Abstract
The thermodynamic properties of the vaporization reactions in the gold-chlorine system have been investigated in the temperature ranges of 580 to 649 K and 882 to 1107 K. The experimental technique consisted of classical transpiration vapor pressure measurement and analysis with a newly developed Flow Reactor-Mass Spectrometer system, which connects a high temperature, ambient pressure reactor to a TOF mass spectrometer. Metallic gold reacts with chlorine gas at temperatures above 750 K, forming the vapor species Au2Cl2(g). The resulting reaction 2Au(c) + Cl2(g) = Au2Cl2(g) was found to have a standard Gibbs free energy change of ΔG° = 89,000 (±2400) − 27.8 (±1) T (J/mole) ΔG° = 21,300 (±570) − 6.6 (±0.2) T (cal/ mole) in the temperature range 882 to 1107 K. At lower temperatures, the vaporization reaction is 2Au(c) + 3Cl2(g) = Au2Cl6(g) with a standard Gibbs free energy change of ΔG° = −102,000 (±20,000) + 235 (±29) T (J/mole) ΔG° = −24,400 (±4800) +56 (±7) T (cal/mole) in the temperature range 580 to 649 K.

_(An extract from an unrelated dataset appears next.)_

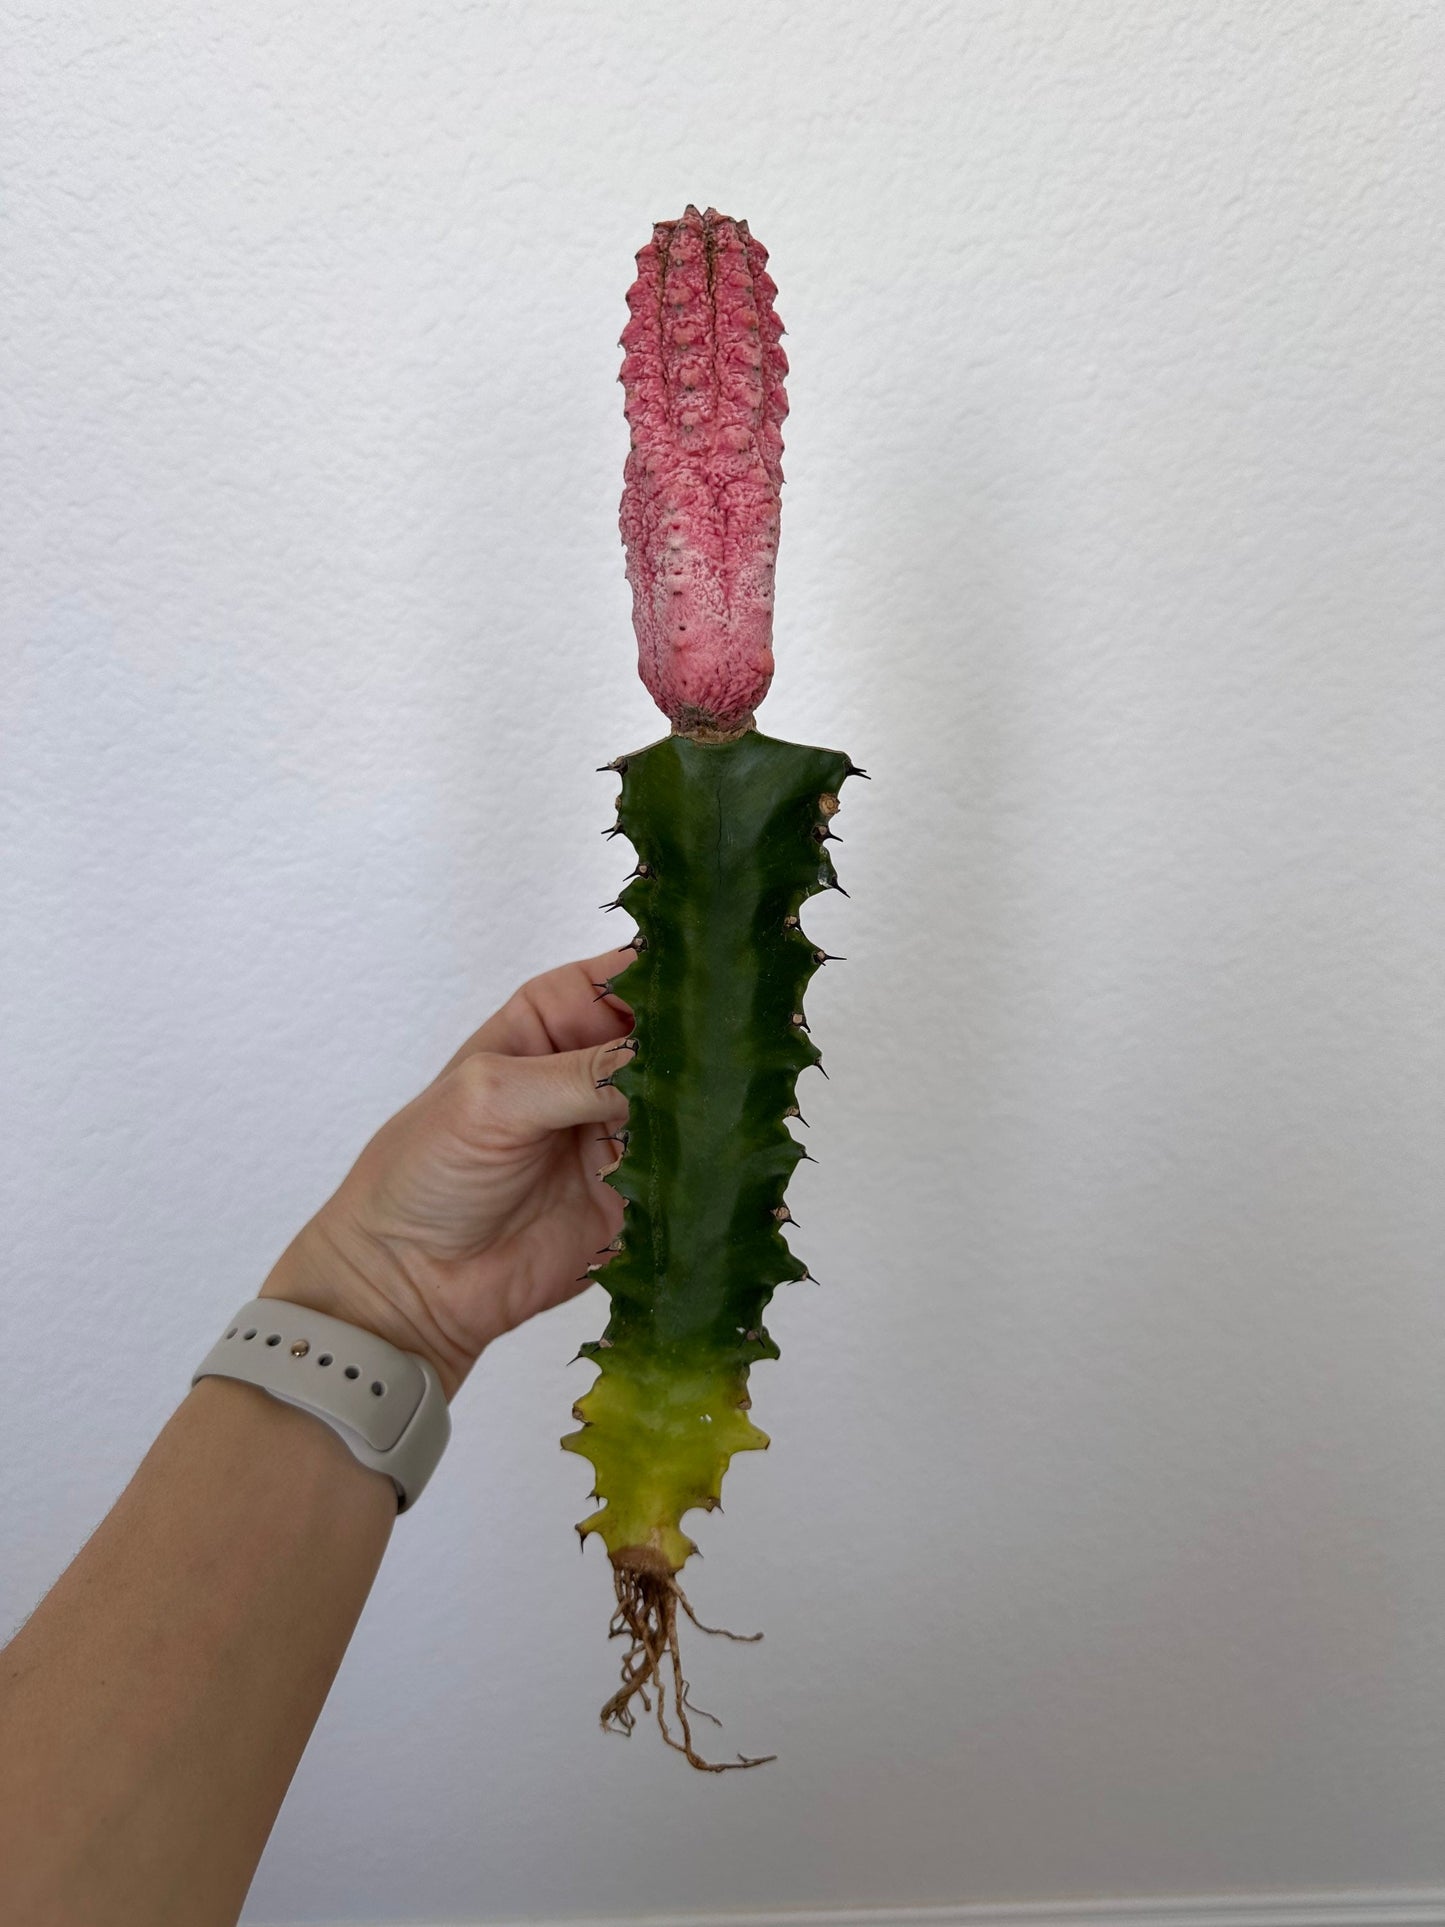 Euphorbia Abdelkuri Damask Pink Cluster or Single Option - Unique Live Cactus - Candelabra-like Succulent
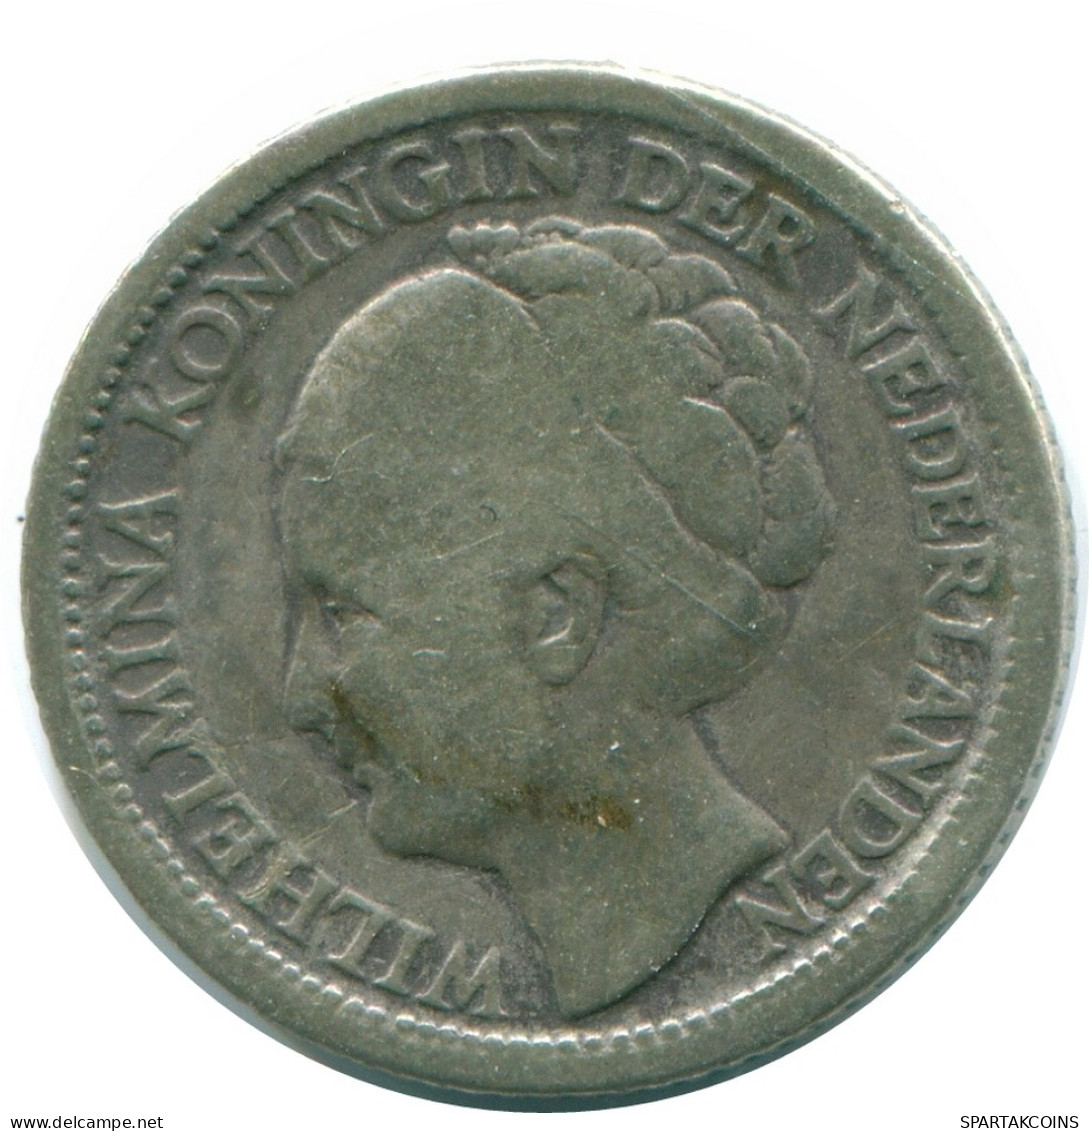 1/4 GULDEN 1944 CURACAO Netherlands SILVER Colonial Coin #NL10608.4.U - Curacao

The above results are combined with equilibrium dissociation data obtained in the literature for condensed gold chloride phases to construct a phase stability-vapor pressure diagram for the gold-chlorine system. Consideration is given to some possible operating conditions for a gold chlorination-vaporization process to treat low grade and refractory gold ores. Transpiration vapor pressure measurements in the Au-Cu-Cl, Ag-Cu-Cl, and Ag-Fe-Cl systems showed significant enhancement of the vapor pressure of Au2Cl2(g) or AgCl(g) in the presence of Cu3Cl3(g) or FeCl3(g). This indicates the formation of binary vapor phase complexes in these systems. The species AuCu2Cl3(g), AgCu2Cl3(g), and AgFeC4 have been proposed.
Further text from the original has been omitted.